How the Republicans can advance U.S.-Asian relations

While U.S. voters were not particularly interested in foreign policy (certainly not Asia policy) during this election, Asia is always interested in U.S. voters. The economic growth of countries such as China and India, and the technological and innovative dynamism of much of the rest of Asia, are significantly impacting the structure of the U.S. economy. Newly elected Republicans have a chance to help the United States continue to benefit from Asia's growing prosperity.

Though the election was not about foreign policy, it is worth noting that former Vice President Dick Cheney's early 2009 critique of Obama's counter-terrorism policies first exposed the chinks in the administration's armor, demonstrating signs of life for a Republican Party declared dead and providing moral support to others in his party who soon voiced their own powerful critiques. Still, this election was about economics and the size and structure of government, not foreign policy. So, I am about to practice economics and politics without a license.
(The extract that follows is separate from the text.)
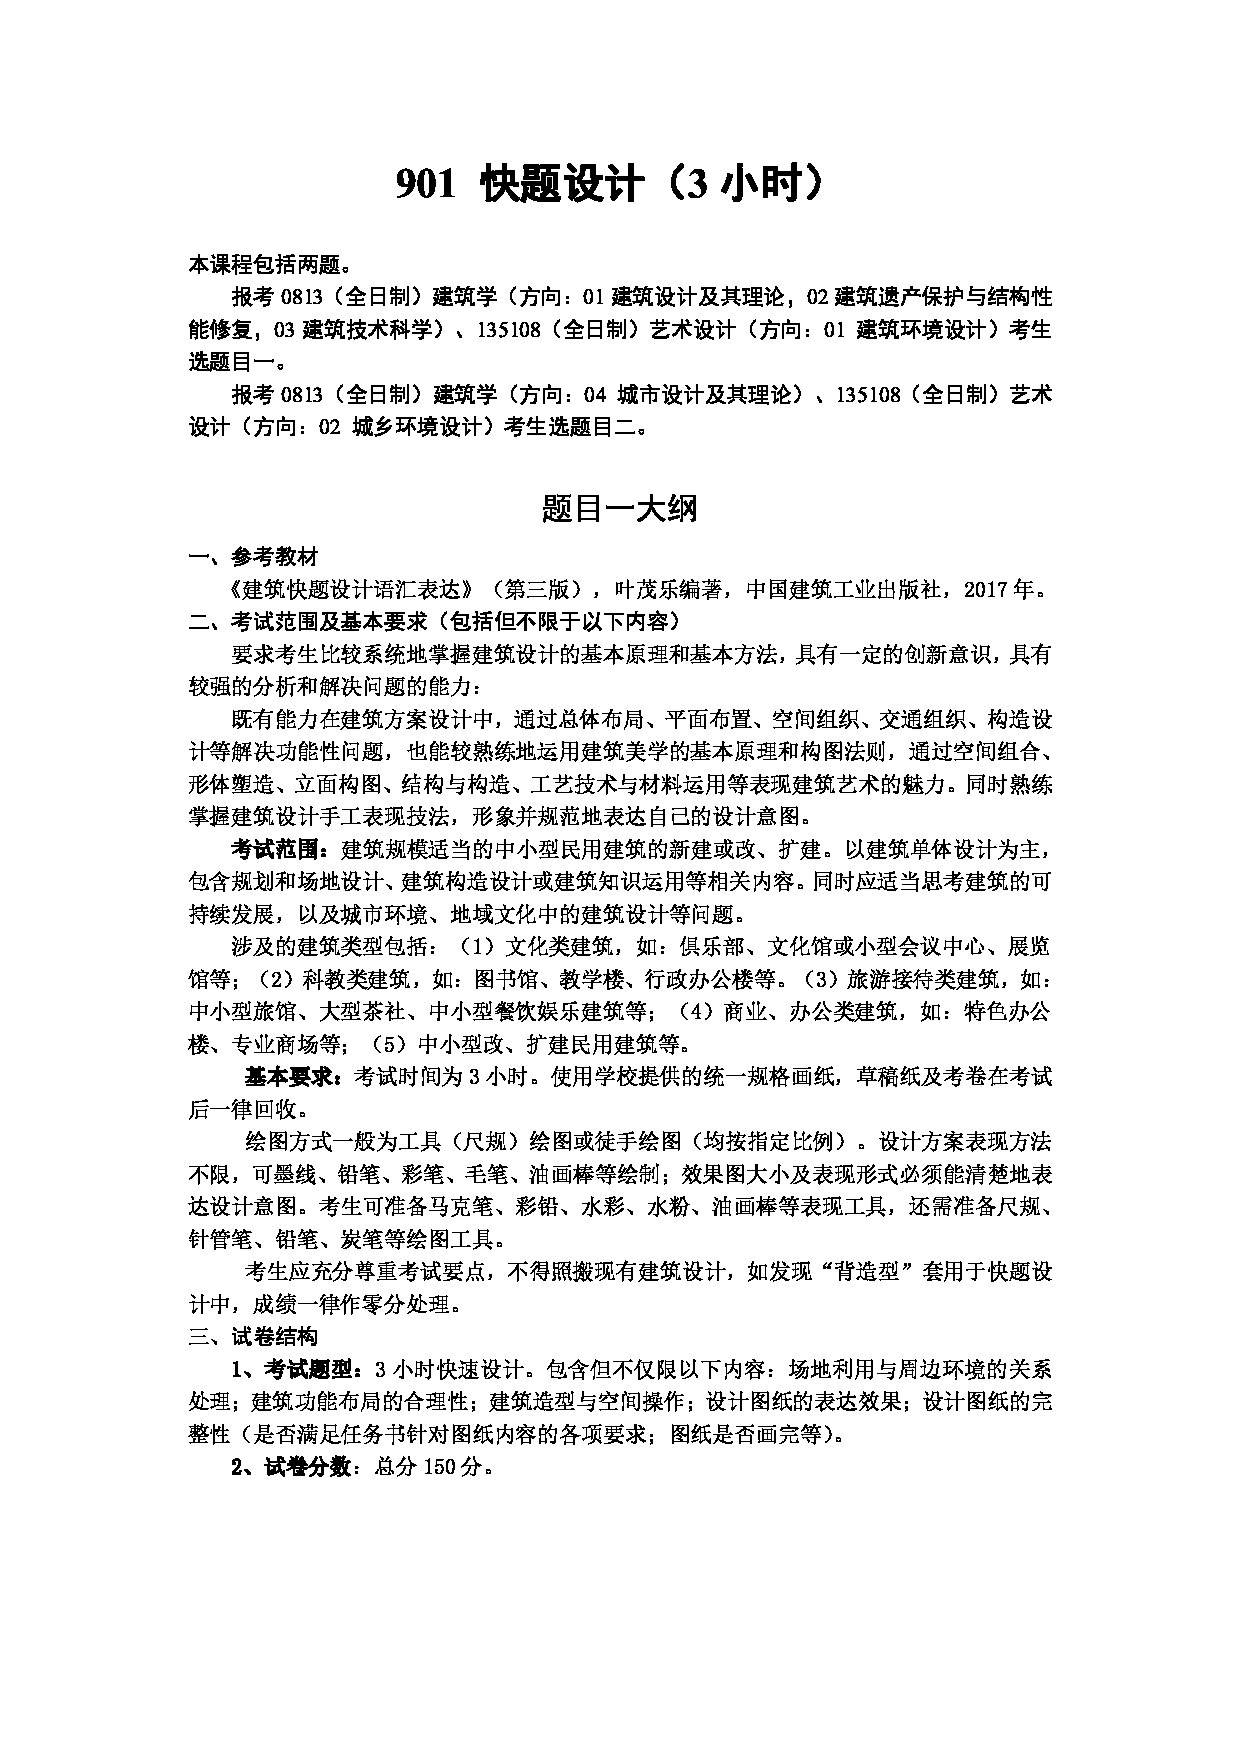 2023考研大纲：武汉科技大学2023年考研科目 901-快题设计(3小时) 考试大纲第1页

While voters still do not seem to trust the GOP, the party can regain their trust by reclaiming the mantle of economic leadership. Newly-elected Republicans can insist upon free market, pro-free trade policies that can push the president to create a friendlier climate for foreign investment in the United States as well as to ratify a free trade deal with South Korea and pry open other Asian markets for U.S. investment and exports.

By committing to fiscal responsibility, Republicans can provide a more credible case for the global rebalancing that economists agree needs to happen. A collective economic rebalancing, rather than a trade war or legislating punitive tariffs, is the answer to our current economic troubles with China. And a broader commitment to U.S. leadership in trade liberalization throughout Asia will contribute to setting the United States back on the road to economic growth and low unemployment.

But the United States is on the horns of a dilemma in Asia, one that new Republican leaders must resolve. Our huge debt and uncertain fiscal position calls into question our ability to sustain a robust diplomatic and military presence in the region; if fiscal austerity includes cuts to the defense budget, Asians will continue to conclude that we are not going to be present in Asia for the long haul. In the context of Asia policy, then, the key challenge for Republican leaders both in Congress and aspiring to the presidency is to strike the right balance between pursuing long-term measures to restore fiscal health without making short-term cuts on defense spending that create deep regional unease.

The first chance for Republicans to reconcile long and short term goals with respect to Asia is during Obama's trip to the region. They should pledge to work with him if he agrees to ratify the FTA with Korea, hold his feet to the fire if he panders to special interests on the issue of outsourcing to India (or what I like to call trading based on comparative advantage), and pledge to support him if he commits to keeping our alliances strong by making the military investments we need to keep the region stable.